Each vertex (except vertex #1 and vertex #N) can be removed
with a cost.
Similarly, each edge can be removed with a cost.
You want to make vertex #1 to be disjoint with vertex #N
by removing some vertices or edges and you want to do it
with minimal total cost.

## Explanation[edit]

A slight modification to the graph can reduce this problem into the minimum-cut problem, which is the dual of the maximum-flow problem.
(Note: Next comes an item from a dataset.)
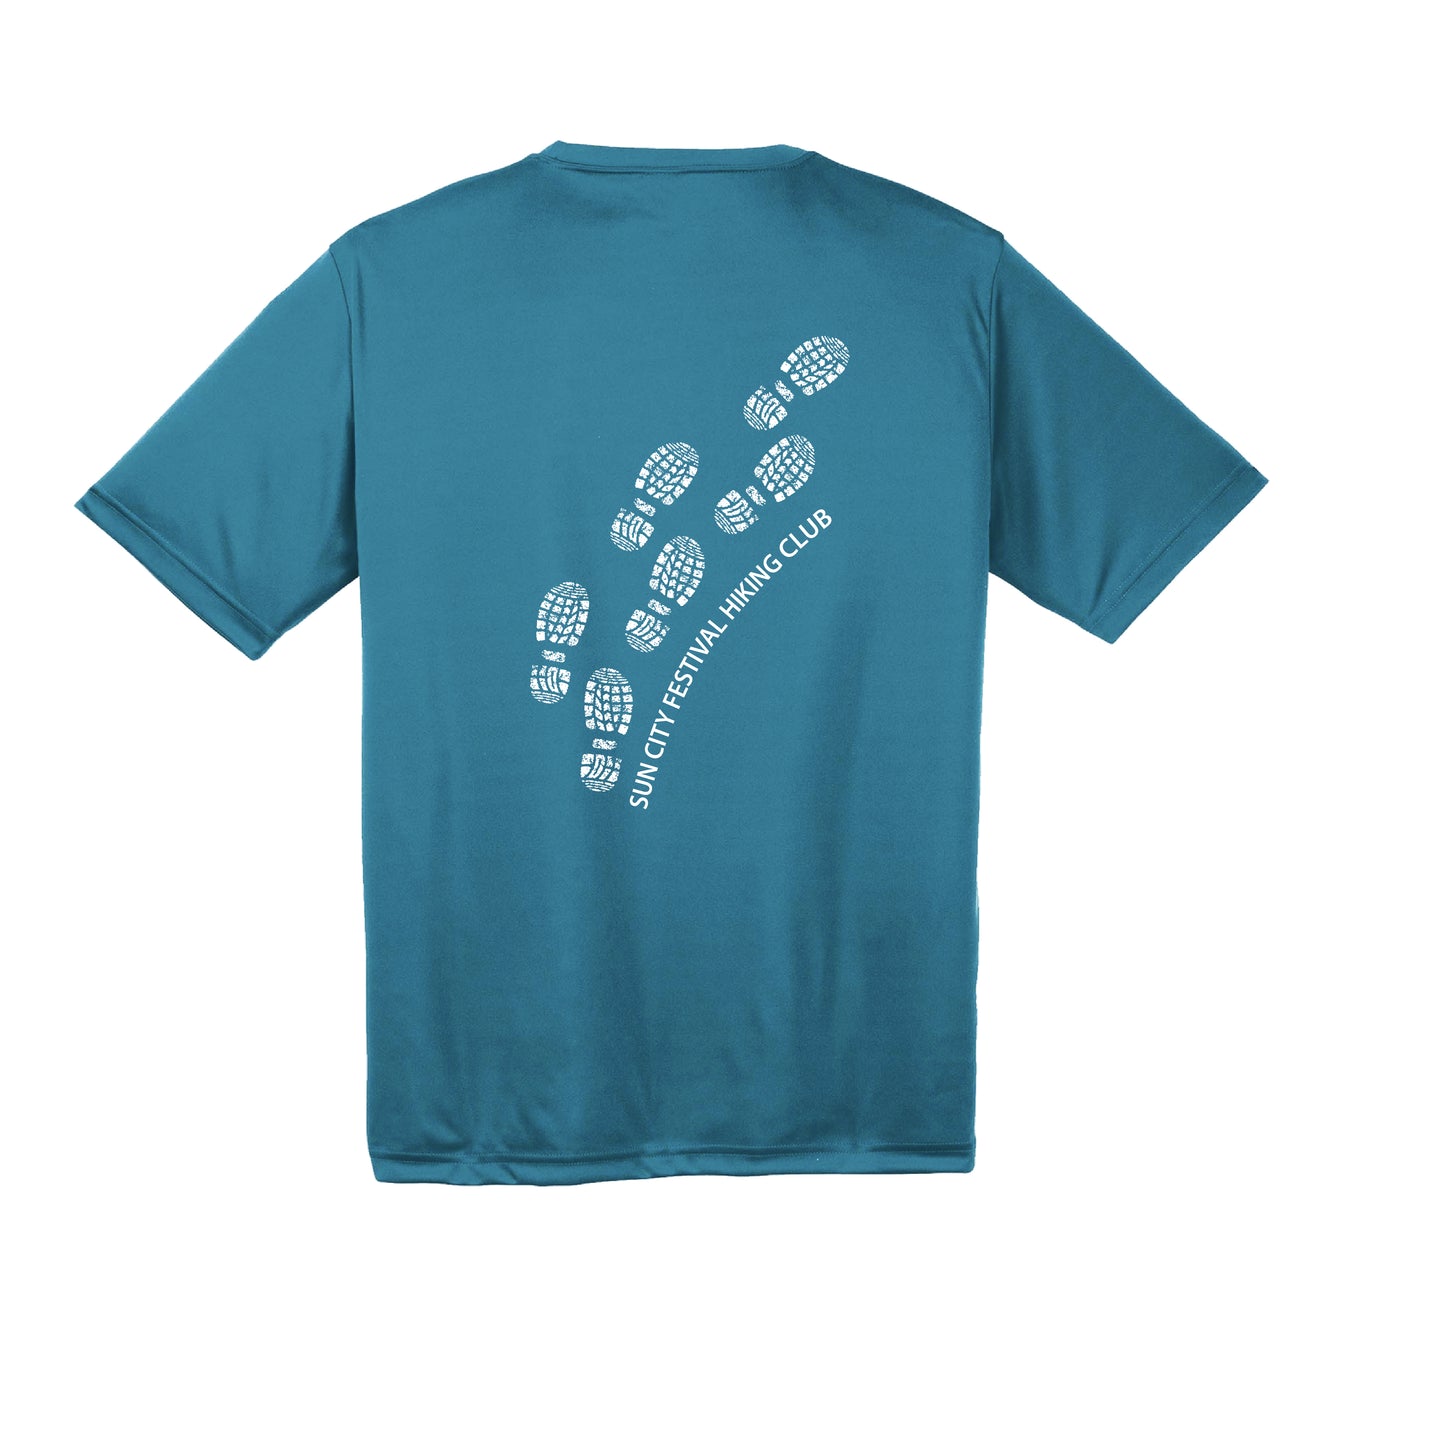 Sun City Festival Hiking Club | Men's Short Sleeve Athletic Shirt | 100% Polyester

That is by splitting each vertex into two vertices and connect them with an edge with a removal cost equal to the vertex's removal cost.

## Gotchas[edit]

- The flow graph has to be directed.

## Implementations[edit]

A simple implementation based on Ford-Fulkerson method to find the maximum-flow of the graph can be used to find the minimum-cut of the graph.

```
#include <stdio.h>
#define REP(i,n) for (int i=0,_n=n; i<_n; i++)
#define INF 1000000000
#define MAXN 100
int res[MAXN][MAXN], vis[MAXN], n;
int augpath(int so, int si, int mf){
vis[so] = true;
if (so==si) return mf;
REP(i,n) if (!vis[i] && res[so][i]>0){
int flow = augpath(i,si,mf <? res[so][i]);
if (flow>0){
res[so][i] -= flow;
res[i][so] += flow;
return flow;
}
}
return 0;
}
int maxflow(int so, int si){
int ret = 0;
while (true){
REP(i,n) vis[i] = 0;
int flow = augpath(so,si,INF);
if (flow == 0) return ret;
ret += flow;
}
}
int main(){
for (int N,E,a,b,c; scanf("%d %d",&N,&E)!=EOF && (N||E); ){
n = 2*N; // split each vertex into 2 vertices
REP(i,n) REP(j,n) res[i][j] = 0; // initialize residue
res[0][N] = res[N-1][N+N-1] = INF; // server and boss
REP(i,N-2){
scanf("%d %d",&a,&c); a--;
res[a][N+a] = c;
}
REP(i,E){
scanf("%d %d %d",&a,&b,&c); a--; b--;
res[N+a][b] = res[N+b][a] = c;
}
printf("%d\n",maxflow(0,N+N-1));
}
}
```

## Optimizations[edit]

Storing the flow network using adjacency list can be faster, however it is slightly harder to implement.